ON AN ON to bring catchy tunes to RSR stage

The Daily Cardinal recently spoke with Nate Eiesland—lead singer of the band ON AN ON. Natives of the Midwest, ON AN ON will stop in Madison Thursday, April 25, at the Regent Street Retreat Stage.

After releasing Give In earlier this year, ON AN ON has seen some substantial success. They had one of their songs, “Ghosts,” featured on the popular TV show “Grey’s Anatomy” and are in the process of headlining a national tour. Eiesland feels the band has taken this spurt of popularity in stride, as they are really enjoying their new challenges and opportunities.

“Well we’ve pretty much been on tour, pretty solid, since January, so not that much has changed. Right now we’re on a headlining tour, which is a little earlier than we would have thought to be out on a headlining tour,” Eiesland said. “But it’s been a really, really fun thing because, you know, we were just expecting to open for people for like a year. But to have one of these this early is fun to do … It’s a blast, I couldn’t ask for more.”

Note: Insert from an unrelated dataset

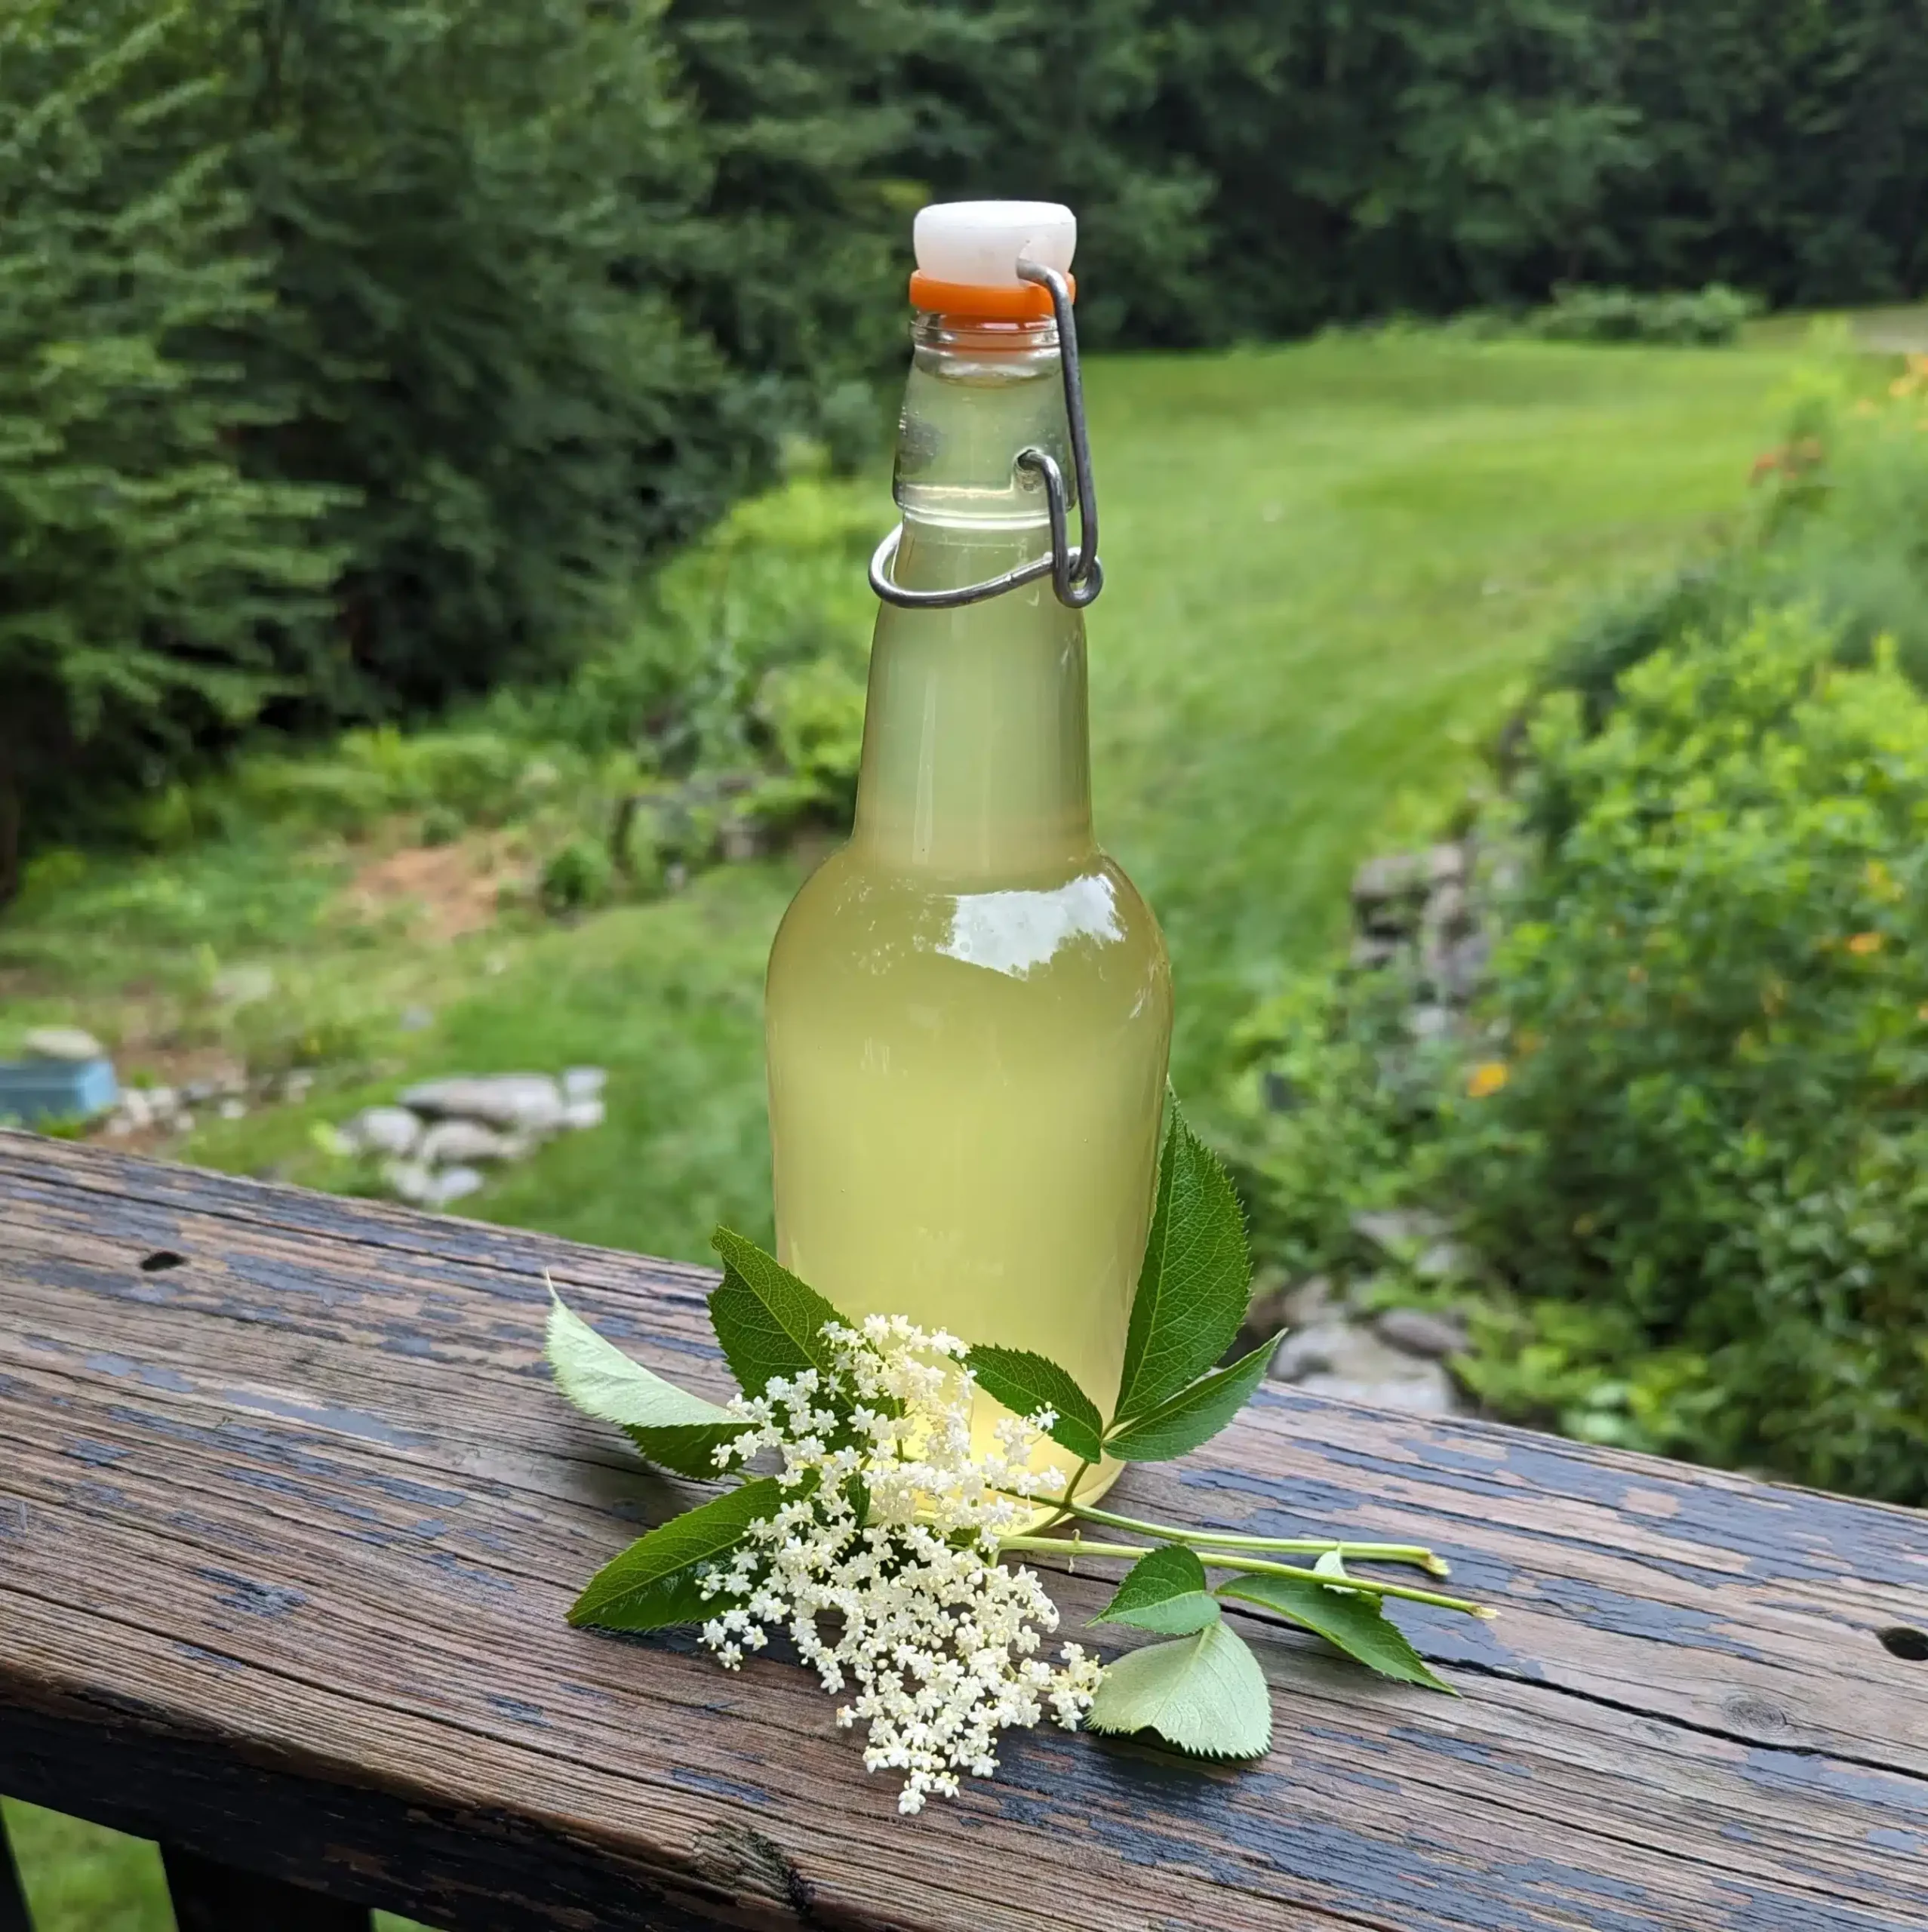 Elderflower syrup in a bottle with an elderflower.

Even though Eiseland is confident in the music ON AN ON is making right now, he said it has still been kind of surreal how quickly things have picked up for them.

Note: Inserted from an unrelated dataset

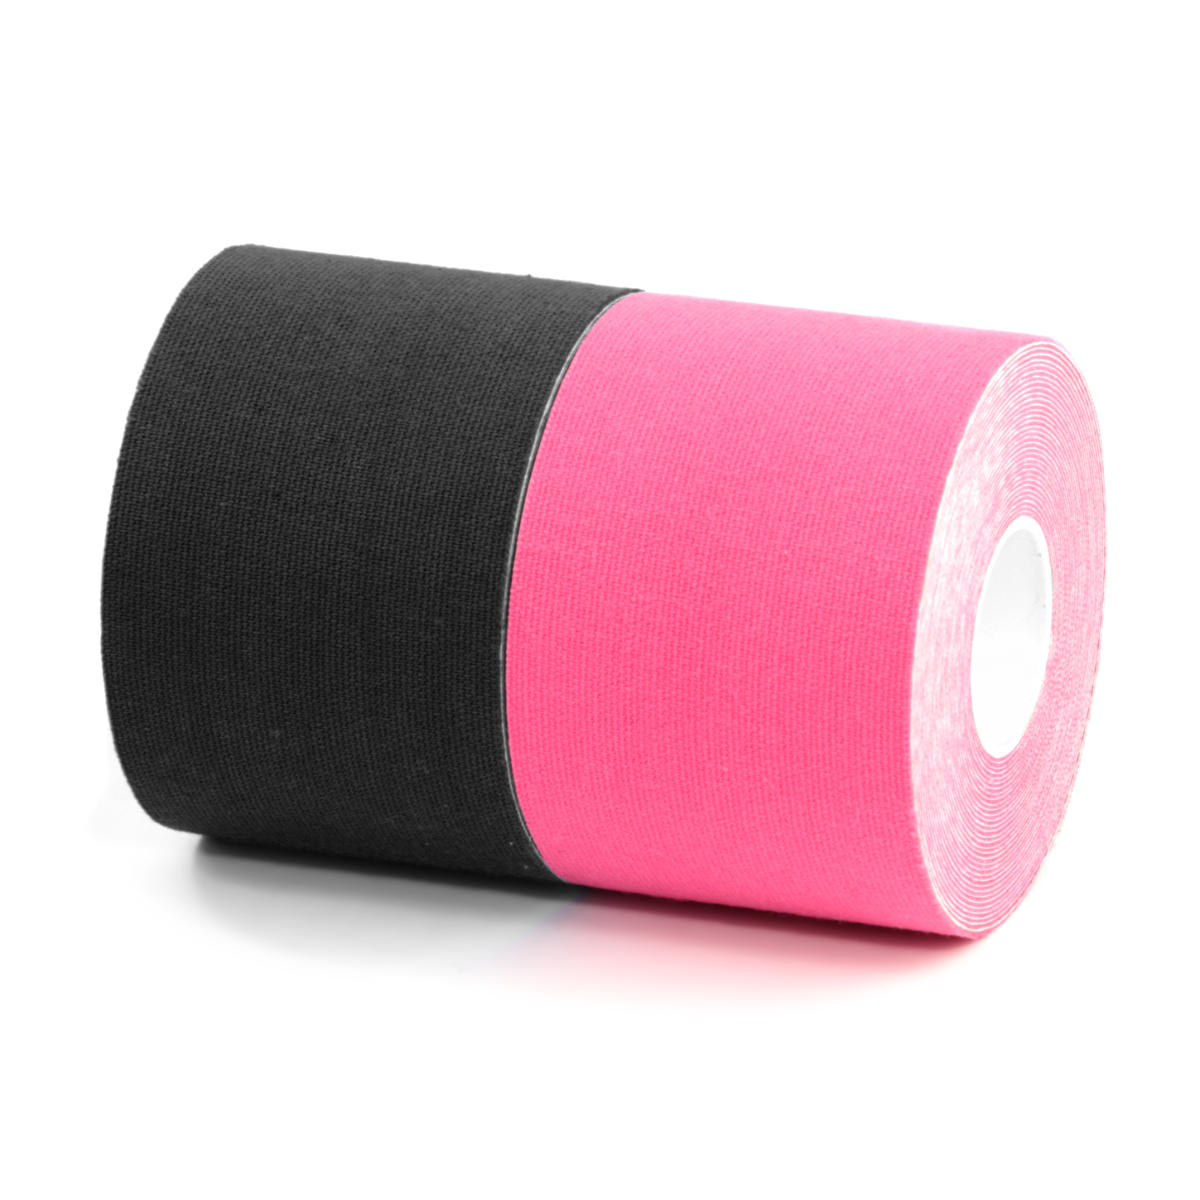 BRONVIT Sport Kinesio Tape set 2 x 5cm x 6m černá + růžová

“When we put ‘Ghosts’ up in the fall it was such great reception—I would say we were surprised then,” Eiseland said. “We really thought that in the fall that it was going to be a lot slower of a burn. But it’s just amazing to be able to go around the country and even the world… and being able to meet people who are into what you’re into, the things that you think sound cool, they think sound cool too.”

One of the biggest reasons ON AN ON has so much going for them right now is because their songs have a catchiness to them that is, to put it simply, hard to pin down. There’s nothing too complex going on in any of their songs, but that’s what allows them to exist in their own form. It’s also what makes ON AN ON’s music so striking: It’s the down-to-earth, relatable feel—ripe with unfettered emotion—that draws you in, but once you’re hooked, the songs don’t lose that hold. They somehow manage to avoid the sameness that plagues an indie-rock scene currently obsessed with replicating a few very specific sounds.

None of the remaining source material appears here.